There is a direct cost on the health system due to increased costs of antibiotics, special equipment, prolonged length of stay, increased staff time and tying up of resources.

Some bacteria now had no antibiotics effective against them.

Origins of Superbugs

There are three major sources of Superbugs.

The first is  environmental contamination with antibiotics. This is is a particular problem in developing countries that manufacture pharmaceuticals and where the use of antibiotics in agriculture is not adequately regulated. In some regions, environmental contamination is strong high, multi resistance organisms have been found in the water supply.

The second key driver is unnecessary prescribing of antibiotics. This is a severe problem in the developing world where people are able to access and purchase antibiotics over the counter. However, developed countries also carry some of the blame. It has been estimated that nearly ¾ of all antibiotics in clinical medicine in Australia may have been inappropriately prescribed. This overprescription arises jointly from pressure from patients who overestimate the benefits of antibiotics and also from clinicians who underestimate their harm.

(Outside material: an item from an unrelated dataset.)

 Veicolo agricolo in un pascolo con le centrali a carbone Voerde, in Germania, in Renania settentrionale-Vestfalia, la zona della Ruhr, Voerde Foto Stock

Globalisation was is a third important factor in the emergence and spread of Superbugs. Food imported from countries with higher resistance levels create risk. International travel and medical tourism also drive risk.  Individuals who travel overseas to areas of high antibiotic environmental contamination return to Australia  with infections that are resistant to antibiotics.

What are the solutions to combat Superbugs?

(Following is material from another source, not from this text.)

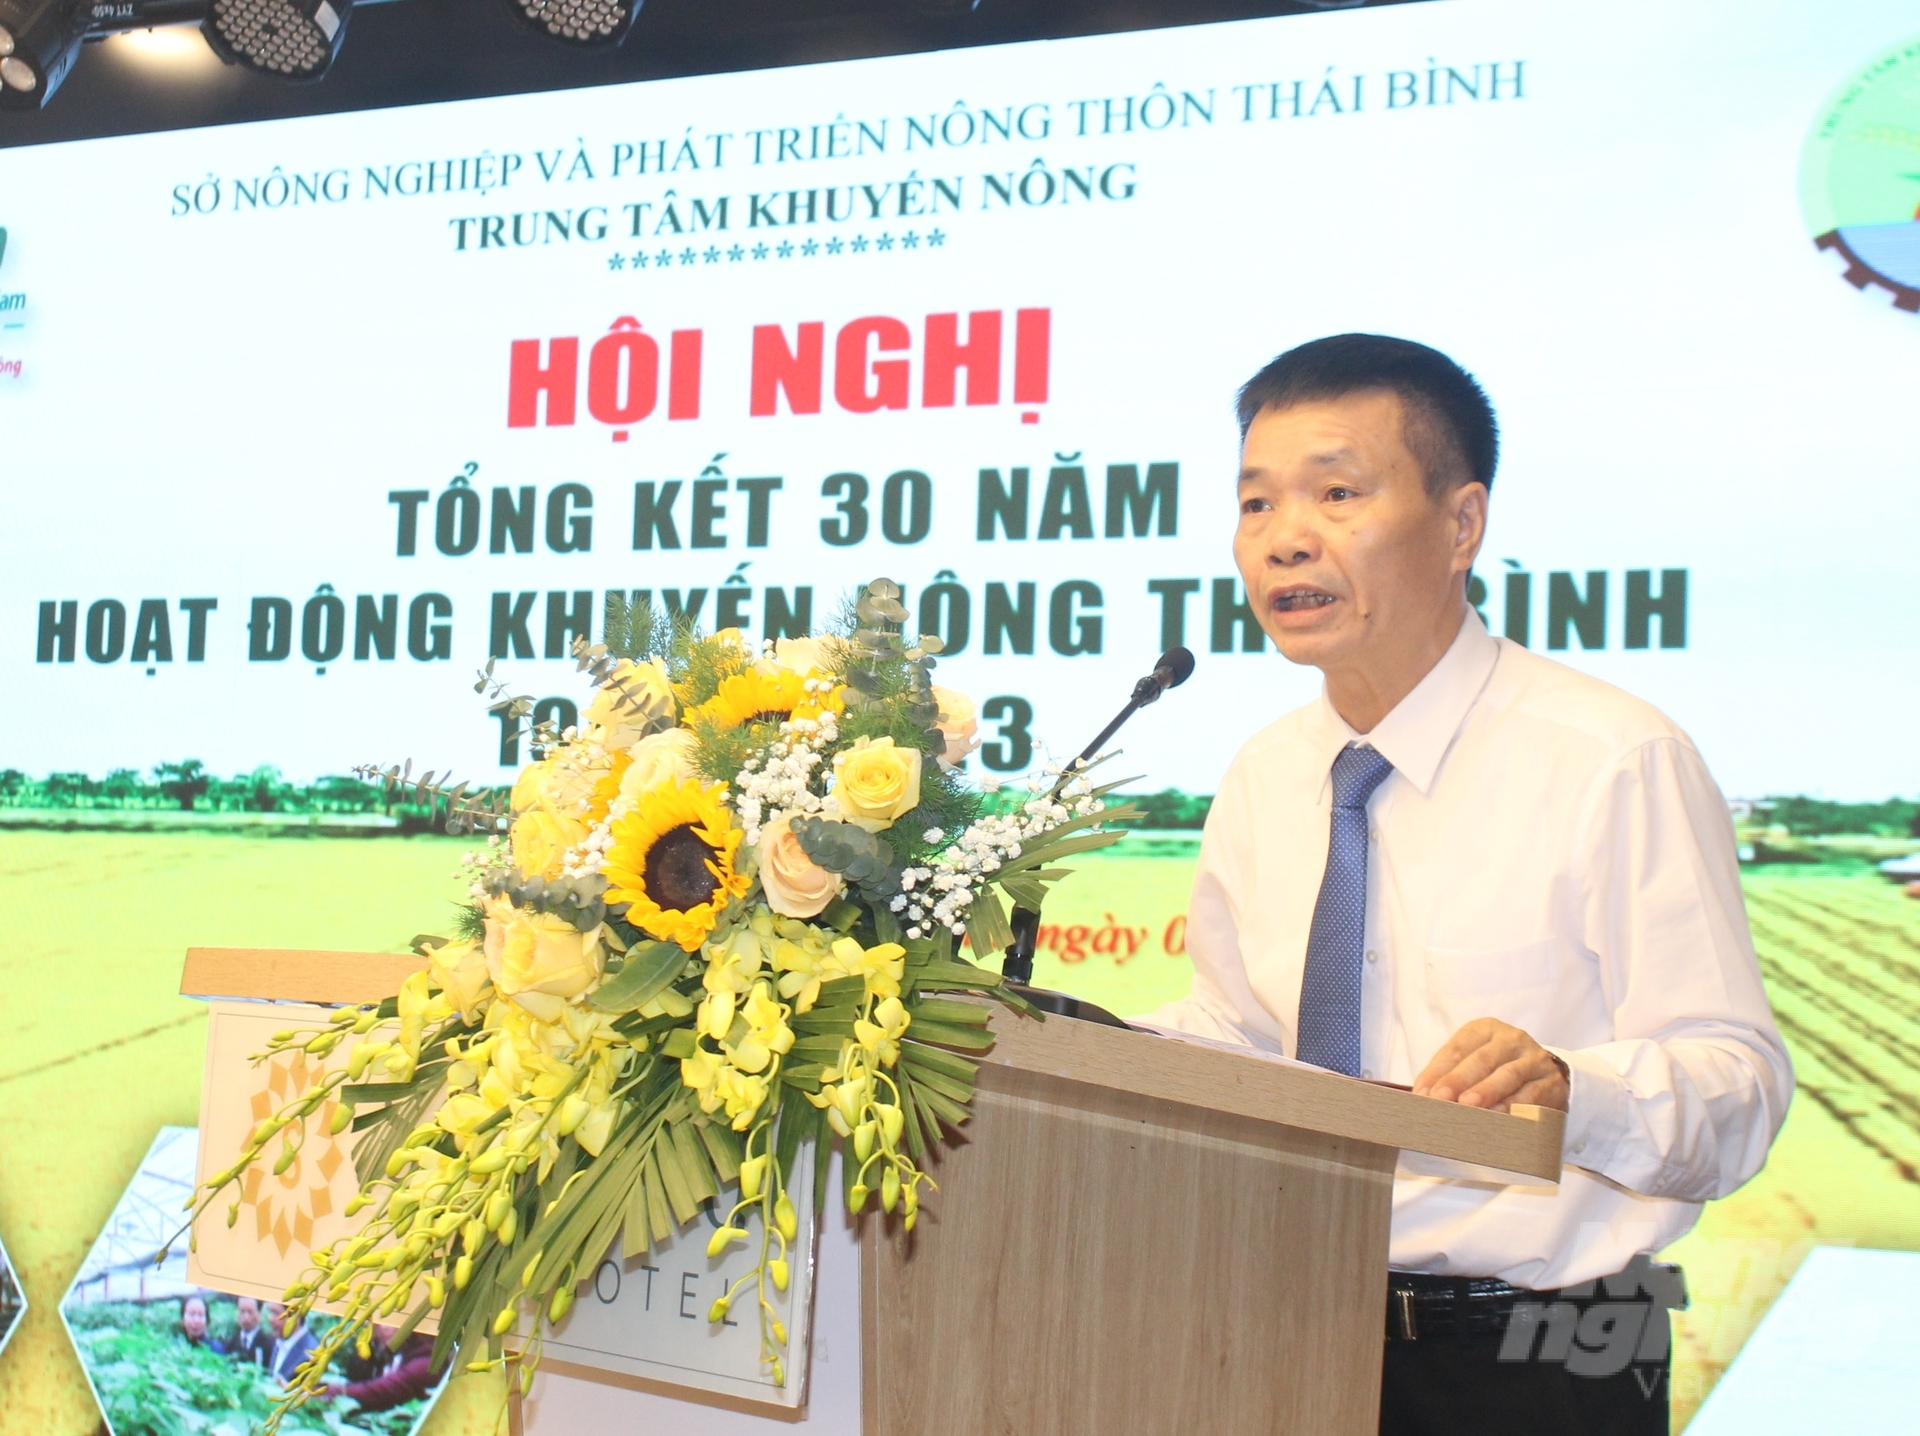 Ông Trần Minh Hưng, Giám đốc Trung tâm Khuyến nông Thái Bình chia sẻ về chặng đường hình thành và phát triển của Trung tâm trong 30 năm qua. Ảnh: Trung Quân.

The WA Clinical Senate came up with some solutions to slow the spread of Superbugs. If you are interested in reading the full report and recommendations click here.

However, the two principles are

(a) Prevent antimicrobial resistance from developing in the first place; and

(b) Determine how to manage MROs or Superbugs when they arise.

Strategies for prevention include

  • Good infection control practices;
  • Vaccines;
  • Thorough cleaning practices;
  • Good surveillance systems;
  • Guidelines on appropriate antibiotics use;
  • Screening programs for patients who have been hospitalised within Australia or abroad;
  • Agricultural controls and regulation;
  • Prescription regulation.

At the end of the day, it is  timely to recall the message of the World Health Organization

“Preserve the miracle of antibiotics – “No action today, no cure tomorrow”.

References

  1. Kaakoush NO, Mendz GL, Quinlivan JA. New techniques to characterize the vaginal microbiome in pregnancy. AIMS Microbiology 2016, 2(1);55-68.
  2. Mendz GL, Kaakoush NO, Quinlivan JA Bacterial aetiological agents of intra-amniotic infections and preterm birth in pregnant women. Frontiers in Cellular Infection and Microbiology. 2013, 3: 58. doi: 10.3389/fcimb.2013.00058
  3. Kaakoush N, Quinlivan J, Mendz G. Bacteroides and Hafnia Infections Associated With Chorioamnionitis and Preterm Birth. Journal of Clinical and Gynecological Obstetrics. 06/2014; 3(2):76-79.
  4. Quinlivan JA, Kaakoush NO, Mendz GL. Acinetobacter Species Associated with Spontaneous Preterm Birth and Histological Chorioamnionitis. British Journal of Medicine & Medical Research, 2014; 4(33): 5293-5297.
  5. Mendz GL, Petersen R, Quinlivan JA, Kaakoush NO. Potential involvement of Campylobacter curvus and Haemophilus parainfluenzae in preterm birth. BMJ Case Reports 2014: published online 1 October 2014, doi:10.1136/bcr-2014-205282.
  6. Quinlivan JA, Weeramanthri T, Geelhoed G. Superbugs Executive Summary and recommendations for action from the Clinical Senate of Western Australia. Health Department of Western Australia 2016 March debate.
  7. NHMRC. NHMRC Australian guidelines for the prevention and control of infection in healthcare. canberra NHMRC 2010; 260.
  8. Graves N, Halton K, Robertos L. Costs of health care associated infection. In: Cruickshank M, Fergusson J (ed) Reducing harm to patients from health care associated infection: The role of surveillance. Sydney Australia Commission on Safety and Quality in Health Care 2008, 307-335.
  9. Australia Commission on Safety and Quality in Health Care. Windows into safety and quality in healthcare 2009. Sydney Australia Commission on Safety and Quality in Health Care 2009.